Di lingkungan akademis, setiap pendapat, kritik, saran, dan perdebatan adalah hal yang biasa yang justru membantu lahirnya pengetahuan baru dan memperluas wawasan. Bahkan secara umum, segala kemajuan filsafat dan ilmu pengetahuan tidak akan ada bila seseorang hanya terjebak dalam pikiran sempitnya, tidak mau dan tidak mampu berdialog, menerima pandangan lain, kritik, dan saran. Secara metafora seperti gaya bahasa yang umum ditemukan pada kitab suci apapun itu, seorang yang seperti itu kepalanya akan membesar seperti balon dan mulutnya akan terus bicara mirip rekaman rusak yang terus mengulang-ngulang bahan usang dari kotak pikiran sempitnya. 

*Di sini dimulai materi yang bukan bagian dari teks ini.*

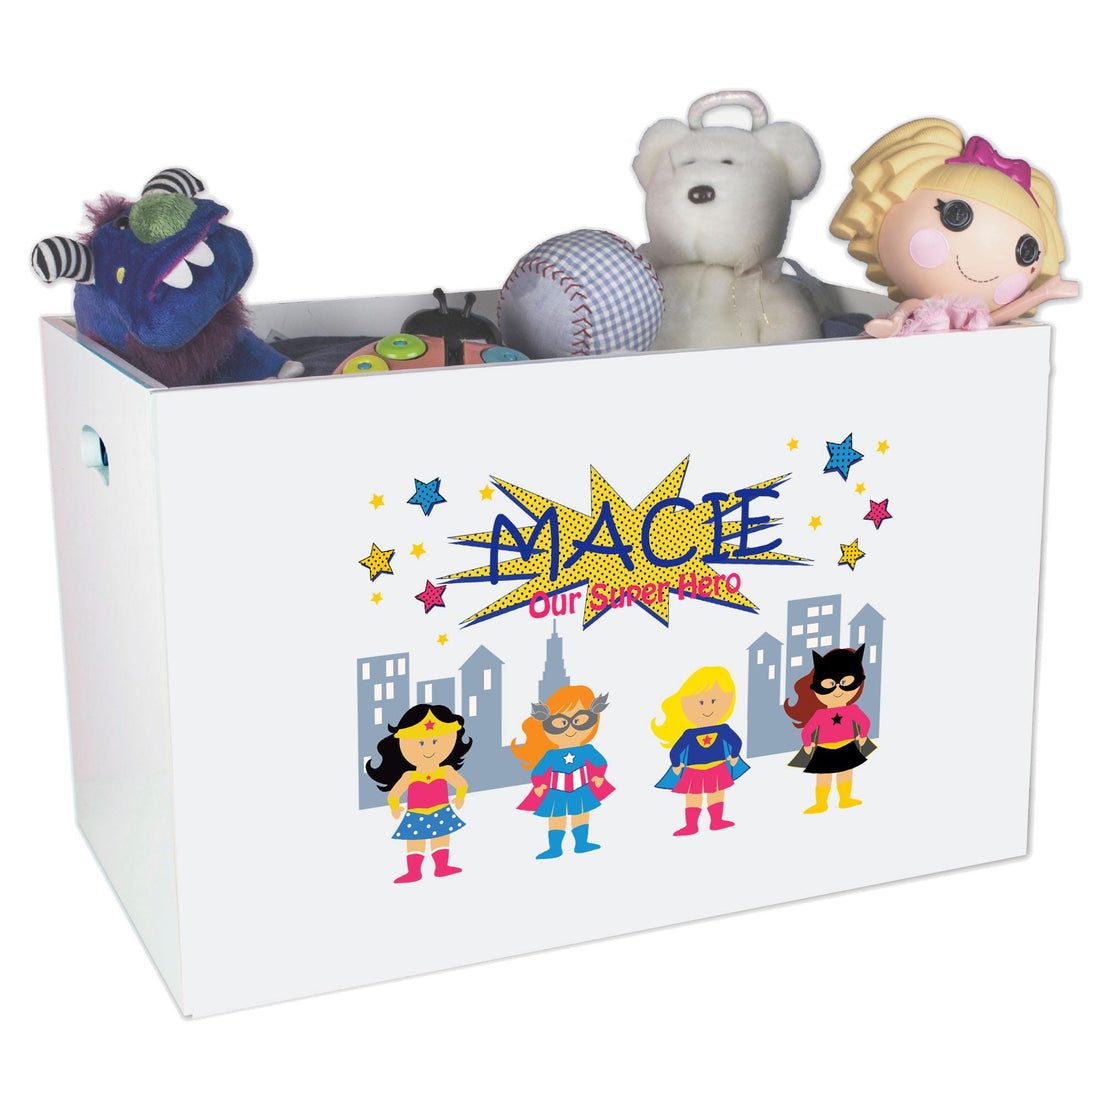 Open White Toy Box Bench with Super Girls design

Tapi seberapa sering kita berada di lingkungan yang sehat secara akademis, ilmiah, dan filosofis? Seberapa sering kita berada di lingkungan yang tidak menunjang? Bagaimana agar semakin cakap dalam menempatkan diri di dua lingkungan berbeda itu dan tidak tertukar dalam bersikap? Bagaimana agar terus ingat untuk tidak mengkhianati diri?